Come aggiungere più nomi DNS al mio burattinaio?

16

il mio burattino.conf sul master

[master]
certname = myname.mydomain.com
ca_server = myname.mydomain.com
certdnsnames = puppet;puppet.local;myname.dyndns.org;hivemind.local;

per la mia comprensione con i nomi certificati definiti dovrebbe funzionare quanto segue:

puppet agent --server myname.dyndns.org --test

ma ottengo il seguente errore:

err: Could not retrieve catalog from remote server: hostname was not match with the server certificate

come evitare questo errore? come definire correttamente certdnsnames? ho trovato documentazione diversa su questo, ma nessun semplice esempio. io uso "," per la separazione non riesco a firmare affatto. ho anche visto una sintassi simile

certdnsnames = puppet:puppet.intra.myserver.fr,puppet.myserver.fr:puppet,puppet:puppet,puppet.intra.myserver.fr,puppet.myserver.fr

http://projects.puppetlabs.com/issues/5776

ma per me non è chiaro quando aggiungere un "pupazzo:" e quando no.

domain-name-system  certificate  puppet 
C33
fonte

Risposte:

25

A beneficio di chiunque altro inciampa su questa risposta:

A causa di CVE-2011-3872 , Puppet non supporta più l' certdnsnamesopzione. Dalla documentazione:

L'impostazione certdnsnames non è più funzionale, dopo CVE-2011-3872. Ignoriamo completamente il valore. Per la tua richiesta di certificato puoi impostare dns_alt_names nella configurazione e verrà applicato localmente. Non esiste alcuna opzione di configurazione per impostare nomi alt DNS o qualsiasi altro valore subjectAltName per un altro certificato di nodi. In alternativa è possibile utilizzare l'opzione della riga di comando --dns_alt_names per impostare le etichette aggiunte durante la generazione del proprio CSR.

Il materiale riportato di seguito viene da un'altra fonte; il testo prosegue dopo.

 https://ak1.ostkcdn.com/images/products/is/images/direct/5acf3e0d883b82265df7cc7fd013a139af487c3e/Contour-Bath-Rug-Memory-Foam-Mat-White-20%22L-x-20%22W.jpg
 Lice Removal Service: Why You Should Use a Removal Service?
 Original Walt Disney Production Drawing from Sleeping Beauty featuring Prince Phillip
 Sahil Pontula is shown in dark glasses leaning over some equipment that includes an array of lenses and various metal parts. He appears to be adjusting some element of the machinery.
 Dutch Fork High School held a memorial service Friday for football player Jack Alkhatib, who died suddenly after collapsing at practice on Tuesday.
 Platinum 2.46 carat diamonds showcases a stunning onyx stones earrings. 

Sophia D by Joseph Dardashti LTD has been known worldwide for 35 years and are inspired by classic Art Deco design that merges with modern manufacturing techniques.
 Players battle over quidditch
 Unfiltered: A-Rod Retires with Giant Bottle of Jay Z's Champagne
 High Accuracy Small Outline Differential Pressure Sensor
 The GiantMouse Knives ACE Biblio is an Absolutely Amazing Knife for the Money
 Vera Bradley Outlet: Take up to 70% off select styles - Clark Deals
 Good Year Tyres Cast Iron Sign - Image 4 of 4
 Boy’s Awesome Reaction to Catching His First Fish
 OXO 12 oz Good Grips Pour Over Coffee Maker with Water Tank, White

Puoi generare un certificato SSL per il tuo server usando subjectAlternativeName in questo modo:

$ puppet cert generate <puppet master's certname> --dns_alt_names=<comma-separated list of DNS names>
larsks
fonte
3
Nota aggiuntiva: prima di eseguire il comando Puppet cert generate, rimuovere i file .pem per il burattinaio in / var / lib / puppet / ssl / private_keys, / var / lib / puppet / ssl / ca / ​​signed / e / var / lib / puppet / ssl / certs. La generazione di un nuovo certificato non sta uccidendo la connettività ai client esistenti, poiché verificano il certificato del burattinaio utilizzando il certificato della CA, che hanno scaricato al primo collegamento.
Erik Forsberg,
9
Ehi, grazie Lars del passato. Hai appena risposto alla mia domanda.
Larsks,
2

Per Puppet 4+ utilizzare i seguenti comandi per modificare i nomi DNS accettati per il certificato puppetserver:

Rinomina i certificati esistenti in * .backup:

mv /etc/puppetlabs/puppet/ssl/private_keys/$(hostname -f).pem{,.backup}
mv /etc/puppetlabs/puppet/ssl/ca/signed/$(hostname -f).pem{,.backup}
mv /etc/puppetlabs/puppet/ssl/certs/$(hostname -f).pem{,.backup}

generare un nuovo certificato (aggiungere i nomi alt desiderati):

puppet cert generate $(hostname -f) --dns_alt_names=$(hostname -f),puppet

riavviare puppetserver per utilizzare nuovi certificati

service puppetserver restart
PhiPhi
fonte
1
  • Innanzitutto, certdnsnamesè un elenco separato da due punti.
  • In secondo luogo, questo errore viene visualizzato perché l'agente sta contattando il master utilizzando un nome host che non era incluso al momento della firma del certificato: http://docs.puppetlabs.com/guides/tro troubleshooting.html
Quanta
fonte
scusate se non ho accettato questa risposta, ho avuto un problema di traduzione con "due punti", quindi l'altra risposta mi ha aiutato mostrandomi semplicemente il carattere giusto :) ma grazie per la risposta
c33s
0

Secondo

puppet agent --genconfig

devi usare un elenco separato da due punti (":" non ";").

Quindi dovrebbe essere 

certdnsnames = 'puppet:puppet.local:myname.dyndns.org:hivemind.local'

HTH

cyberkov
fonte
0

Per aggiungere una voce SAN al certificato del server fantoccio usare:

systemctl stop puppetserver
puppetserver ca setup --subject-alt-names $(hostname -f),puppet
systemctl start puppetserver

potrebbe essere necessario cancellare certs esistenti via rm -rf $(puppet master --configprint ssldir)così

Greg Bray
fonte
Utilizzando il nostro sito, riconosci di aver letto e compreso le nostre Informativa sui cookie e Informativa sulla privacy.
Licensed under cc by-sa 3.0 with attribution required.